My girls were gentle all year long. I worked gloveless and often in short sleeves. They would occasionally land on my hand or arm and just kinda hang out. Never any sign of aggression. Till I started taking them for granted and they started having some honey stores to protect. One day, I had a non-beek friend tag along. I gave him the smoker job and would tell him where and when to puff. Well between maybe some not so effective puffing and me starting to move faster and little clumsier than normal, WHAM! right on the index finger between the big knuckles. That hurt and it was the first agreesive sting of the season. Fortunately I don't react much to stings. Minor local swelling and itching. I about dug my finger raw from itching over the following week. 

So now for the remainder of the year, I do the smoking and I'm wearing gloves. Hopefully next Spring they'll be back to their darling little selves.


----------



## julysun (Apr 25, 2012)

Mr.

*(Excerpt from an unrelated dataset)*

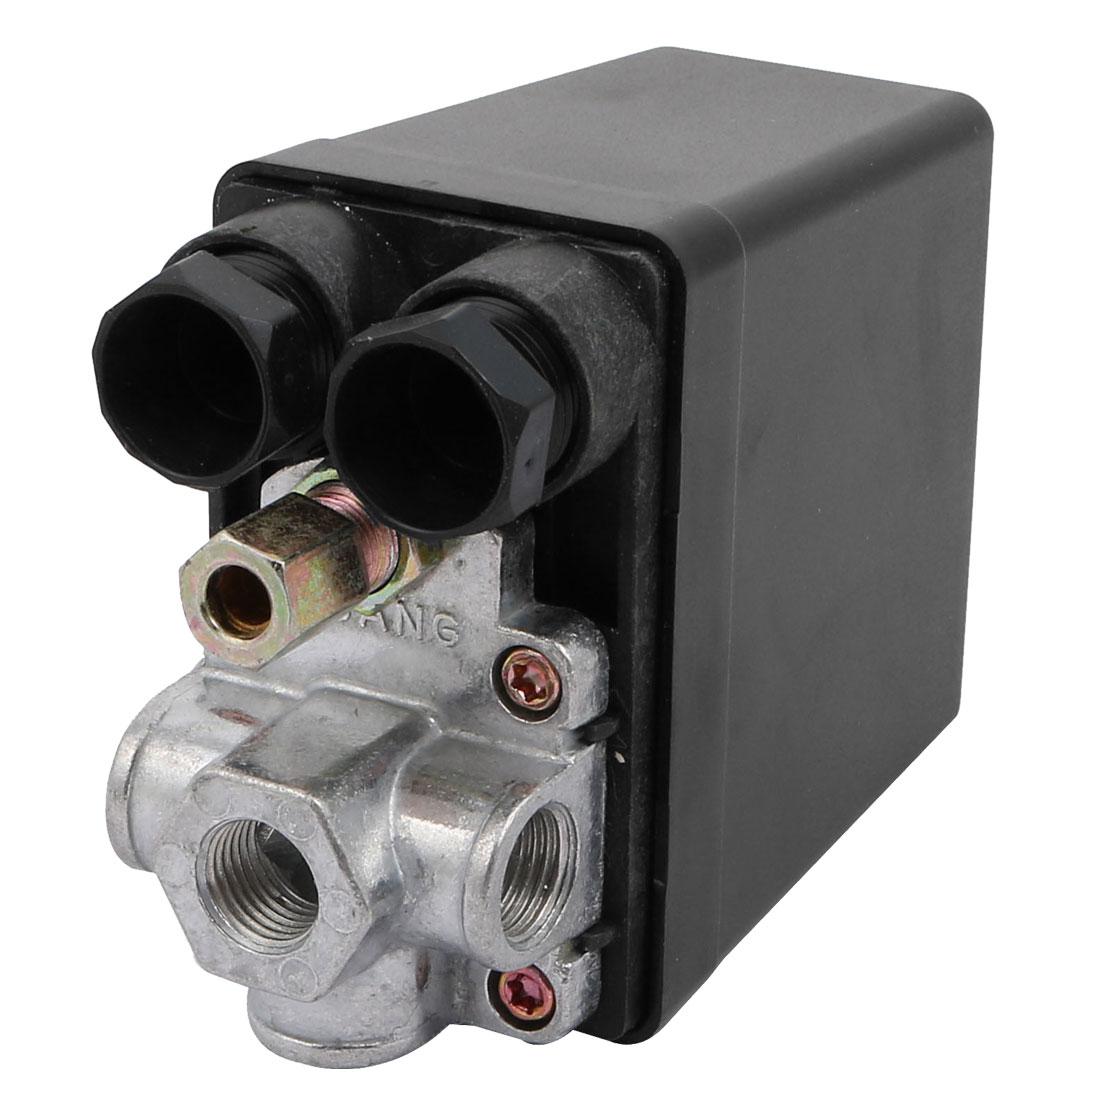 240V 15A 0.8Mpa 4 Ports Air Compressor Pressure Bar Control Switch

Dewey, quickly off topic. When we drove ground rods for industrial quiet grounds we dug post holes deep, poured rock salt in them then drove rods into them. Just saying...


----------



## JimmyA (Jul 22, 2013)

I still need to put an Apivar strip in, don't know if I really need it as I saw no mites.


----------



## Lburou (May 13, 2012)

Mr.Beeman said:


> Your "luck" will run out, guaranteed.......


Just wait, one day you will be surprised. Probably walking away from the bees.


----------



## Bee Matt (Aug 1, 2013)

went out last night to check on the bees...... opened the top up like normal, than the buzzing really picked up and out one came and bee lined it to my eyebrow and nailed me.... normally they are calm, but it was chilly and getting to be dusk.... Didn't have my veil with me, so I just closed them up and will try to find a nice warm day.


----------



## Paul McCarty (Mar 30, 2011)

Had one of mine do that a few weeks back, only it wasn't one that nailed me - it was about 50. Definitely moody this time of year - and it had been raining for a week. They were fine with me digging around in the top boxes, but when I hit the brood... I heard the buzz and couldn't close it fast enough! The next day they were just fine.

Took exactly 5 seconds for them to come out and get me. Always have a veil on.


----------



## OlofL (Jan 21, 2006)

If you can get hold of a scythe it is much better around hives than a weed eater since it doesn't alarm the bees.


----------



## Dieseltrac (Oct 14, 2009)

I got popped in the lower eyelid the other day, that was the worst I ever reacted to getting stung. They do get testy this time of year.


----------



## Loyalbee (Aug 19, 2012)

Got my first sting (2nd yr beek) while putting on mite treatment wearing rubber gloves. One got me on the wrist. I felt like it was deserved after messing in the deeps.


----------